Я шагнул к стене и, протянув руку, коснулся красной трубки, в которой искрилось что-то жидкое и холодное. Материала трубки, стекла или пластика, я не почувствовал: струя касалась руки – жидкость не жидкость, а какой-то странно упругий шнур. Рука разрезала шнур надвое. Он вошел в ладонь и вышел с тыльной ее части, но боли я не почувствовал, и ни капельки крови не выступило. Шнур был нематериальным, иллюзорным, несуществующим и в то же время ощущался на ощупь.
Мартин боязливо повторил опыт: сначала коснулся пальцами, пробормотав: «Холодный, черт!», потом сжал «шнур» в кулаке. Упругая струя прошла и сквозь кулак.
– Задачка из курса проницаемости, – насмешливо заметил Зернов.
Я удивился:
– Есть такой курс?
– Пока нет, но я бы с удовольствием написал его, если б мне подарили по куску таких цветных ниточек.
Мартин отпустил «шнур» и осмотрел руку.
– Трюк, – сказал он, – фокус.
Это было бы слишком просто. Руку у меня все-таки покалывало.
– Может быть, это газ, особый газ для химических реакций? – предположил я.
– Может быть, и газ, – согласился Зернов, – аммиак или метан. Только почему он пронизывает, а не обтекает руку? Странно. Проницаемость проницаемостью, но рука не малиновое желе. Скорее всего, это какие-нибудь функциональные группы, свободные радикалы или гамма-кванты, – я не фантаст, в конце концов.
В том-то и дело, что Зернов не был фантастом. Все, что он предполагал, было достаточно обосновано и могло сойти за рабочую гипотезу.
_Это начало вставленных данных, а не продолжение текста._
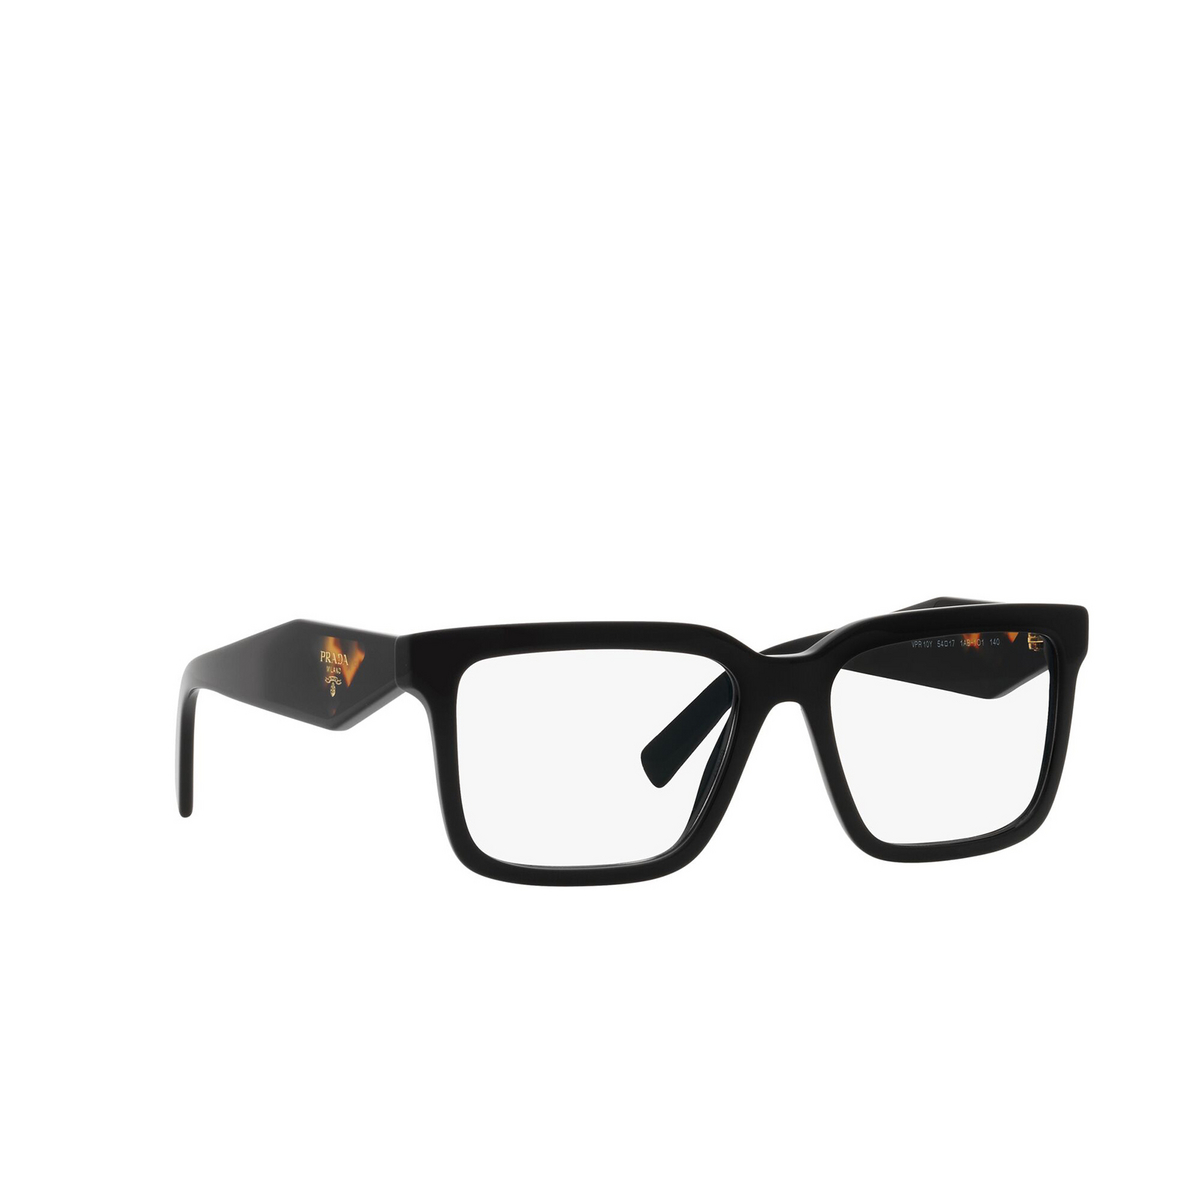 Prada® Square Eyeglasses: PR 10YV color Black 1AB1O1 - three-quarters view.

Иногда он ошибался – в такой дьявольщине любая ошибка простительна, – но умных догадок было гораздо больше, а его гениальной догадке на парижском конгрессе аплодировал весь ученый, да и не только ученый мир. Но догадку о гамма-квантах я отбросил – газ был предпочтительнее, хотя бы просто потому, что понятнее.
– А где же течет этот газ, если это газ? – спросил я. – Трубка не трубка, шнур не шнур. Может быть, тоже магнитная ловушка?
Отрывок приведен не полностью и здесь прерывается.